Shock Tube Measurements of the tert-Butanol + OH Reaction Rate and the tert-C4H8OH Radical β-Scission Branching Ratio Using Isotopic Labeling

Abstract

The overall rate constant for the reaction tert-butanol + OH → products was determined experimentally behind reflected shock waves by using (18)O-substituted tert-butanol (tert-butan(18)ol) and tert-butyl hydroperoxide (TBHP) as a fast source of (16)OH. The data were acquired from 900 to 1200 K near 1.1 atm and are best fit by the Arrhenius expression 1.24 × 10(-10) exp(-2501/T [K]) cm(3) molecule(-1) s(-1). The products of the title reaction include the tert-C4H8OH radical that is known to have two major β-scission decomposition channels, one of which produces OH radicals.

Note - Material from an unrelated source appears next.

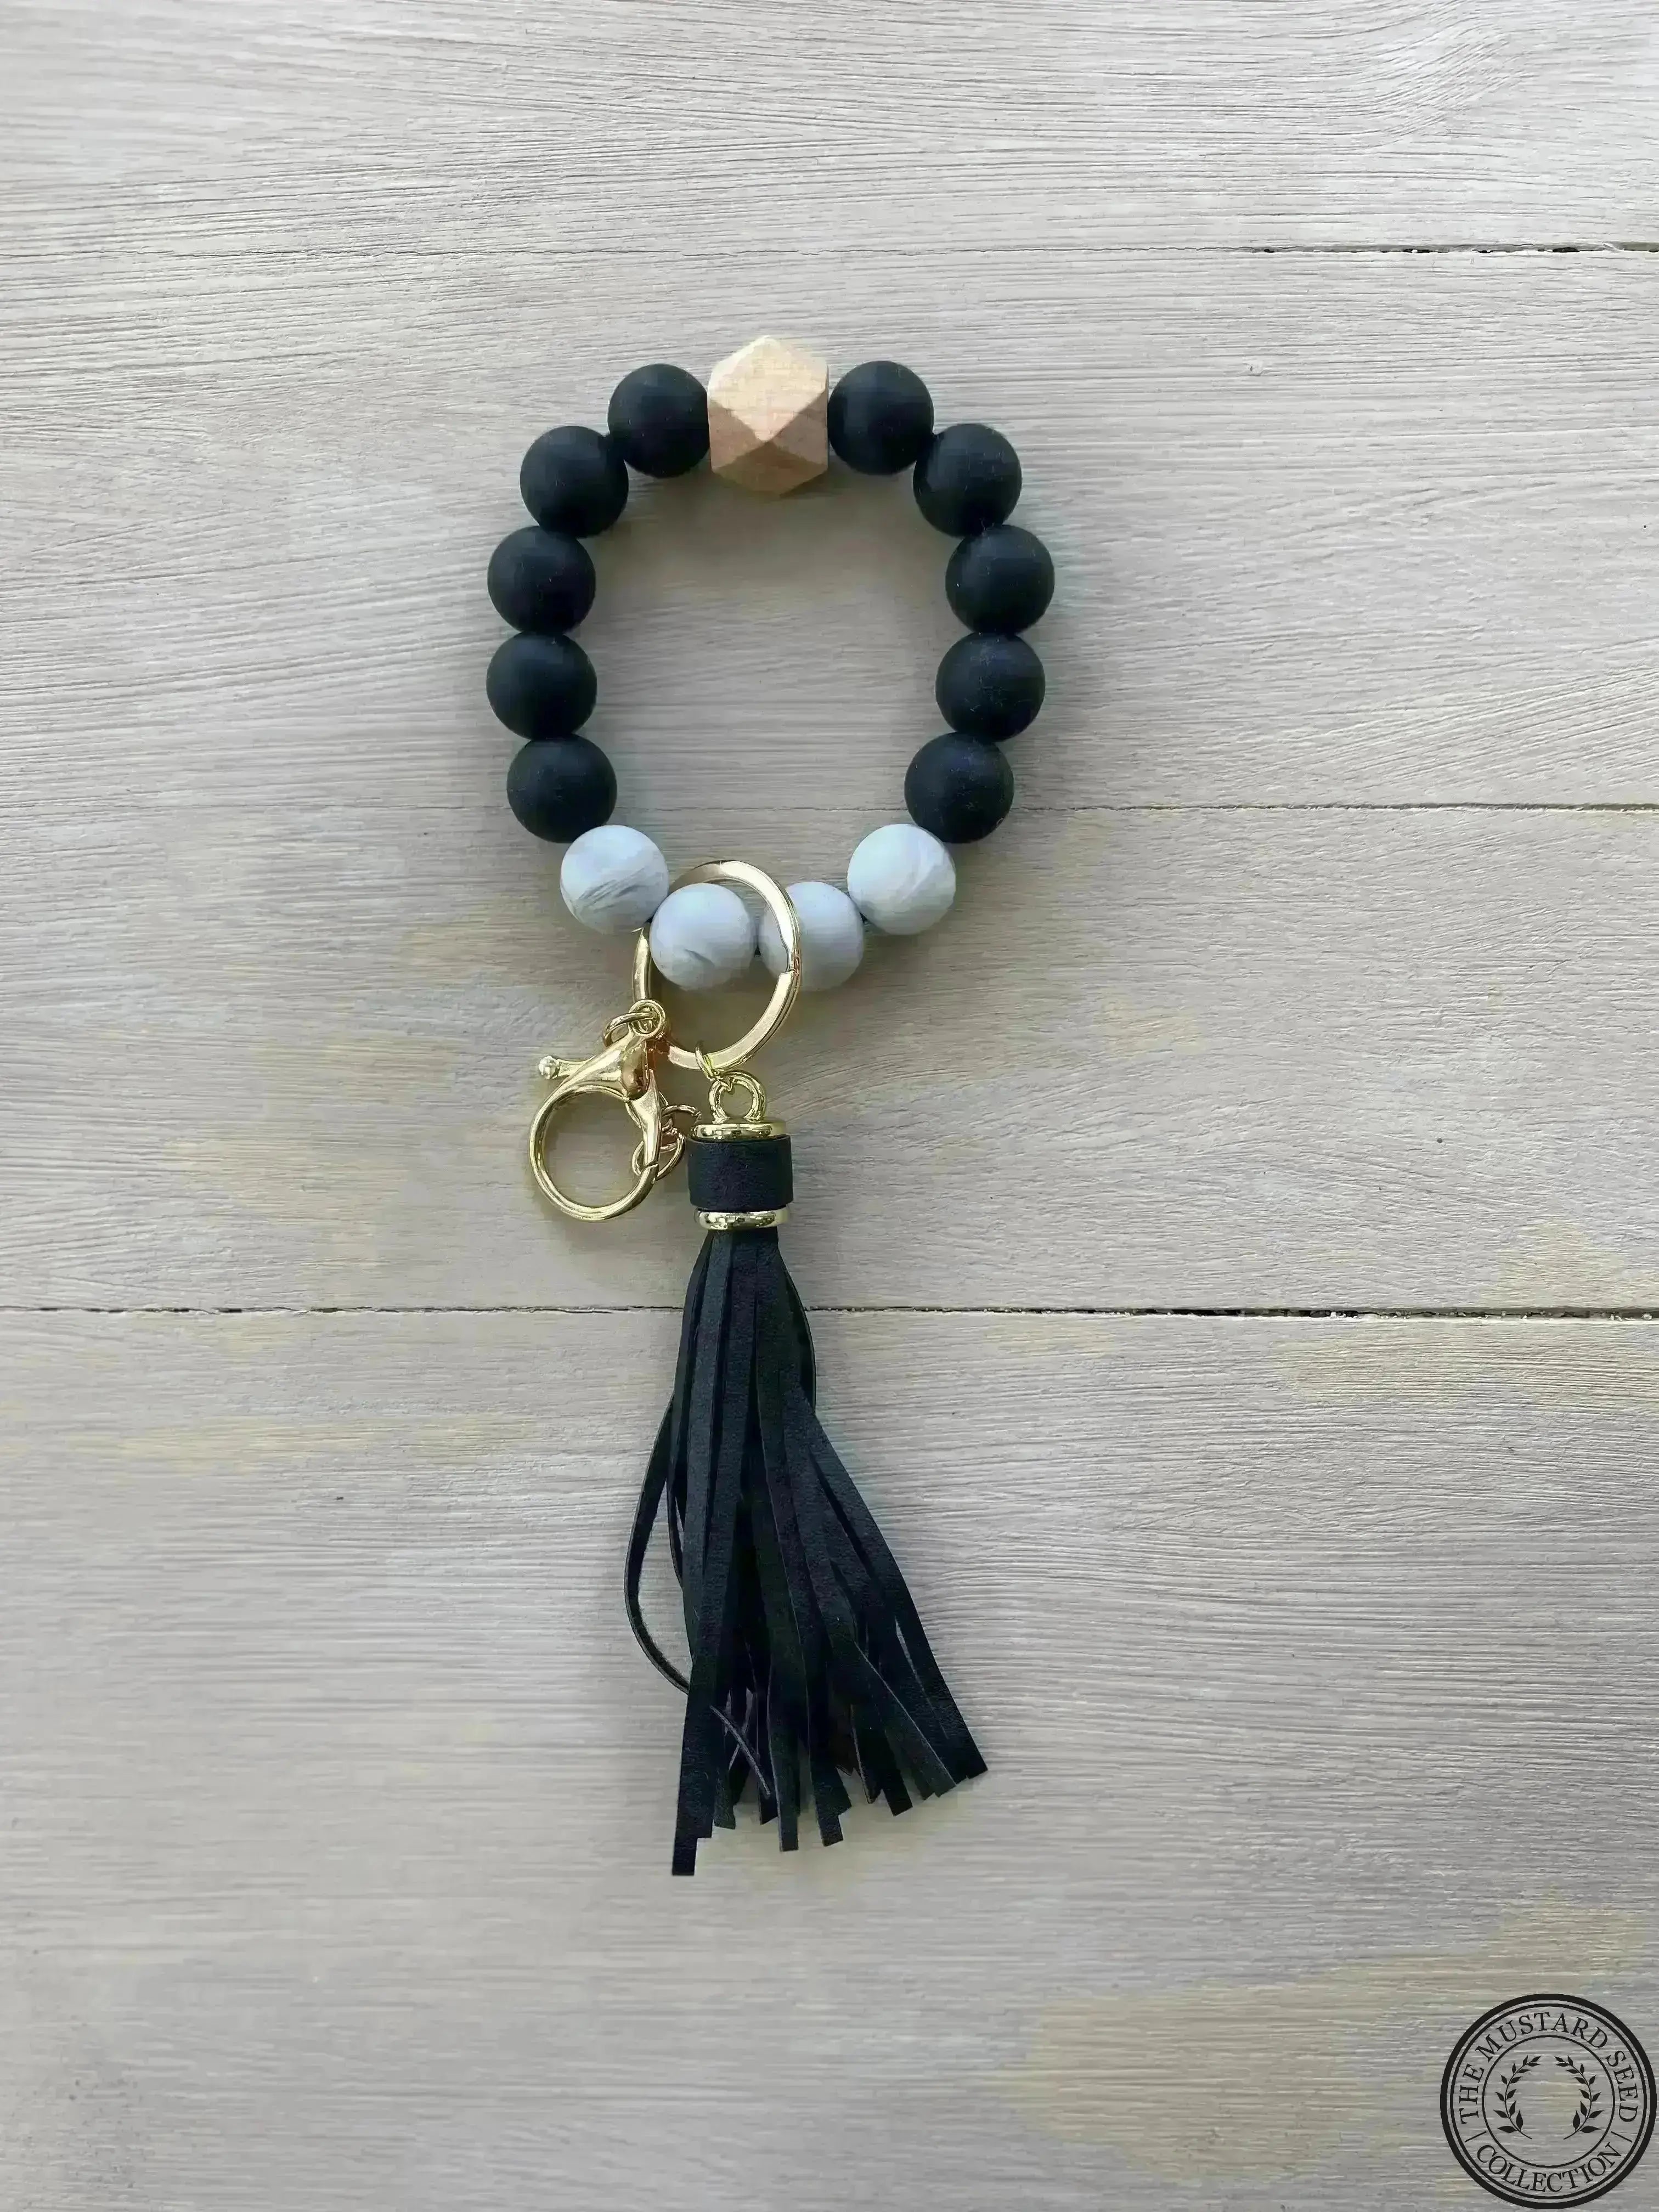 SVF Black and White Grey Marble Silicone Wristlet Beaded Key Chain Bracelet with Tassel and Motivational Engraved Acrylic Charm of choice! The Mustard Seed Collection, The Seed
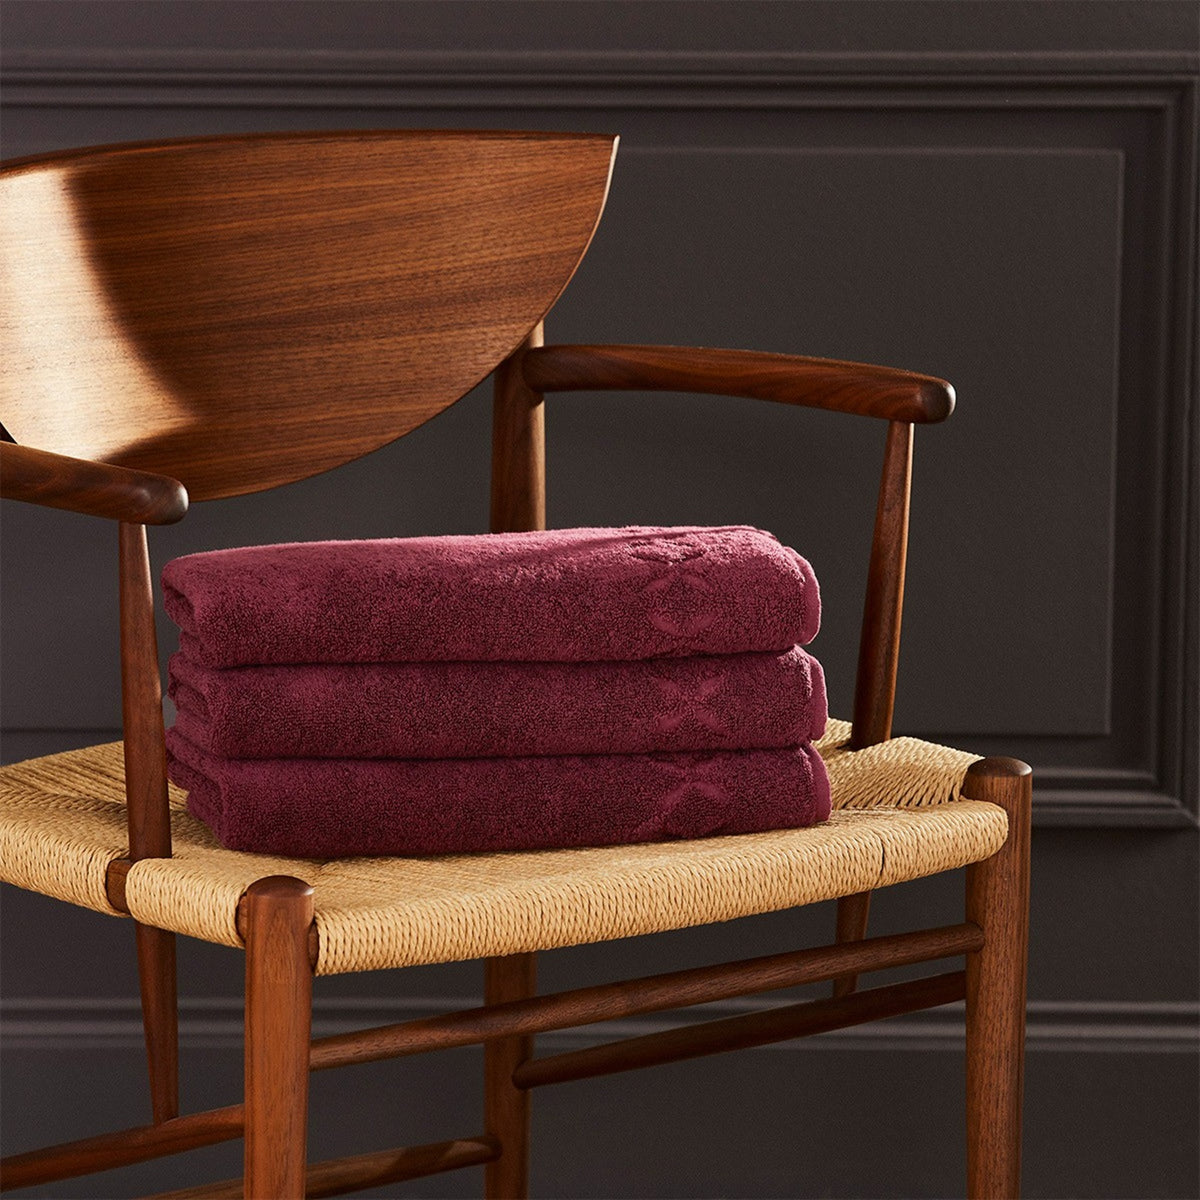 Folded Silo of Yves Delorme Nature Bath Towels on a Chair in Prune Color

Experiments with the isotopically labeled tert-butan(18)ol also lead to an experimental determination of the branching ratio for the β-scission pathways of the tert-C4H8OH radical by comparing the measured pseudo-first-order decay rate of (16)OH in the presence of excess tert-butan(16)ol with the respective decay rate of (16)OH in the presence of excess tert-butan(18)ol. The two decay rates of (16)OH as a result of reactions with the two forms of tert-butanol differ by approximately a factor of 5 due to the absence of (16)OH-producing pathways in experiments with tert-butan(18)ol. This indicates that 80% of the (16)OH molecules that react with tert-butan(16)ol will reproduce another (16)OH molecule through β-scission of the resulting tert-C4H8(16)OH radical. (16)OH mole fraction time histories were measured using narrow-line-width laser absorption near 307 nm. Measurements were performed at the line center of the R22(5.5) transition in the A-X(0,0) band of (16)OH, a transition that does not overlap with any absorption features of (18)OH, hence yielding a measurement of (16)OH mole fraction that is insensitive to any production of (18)OH.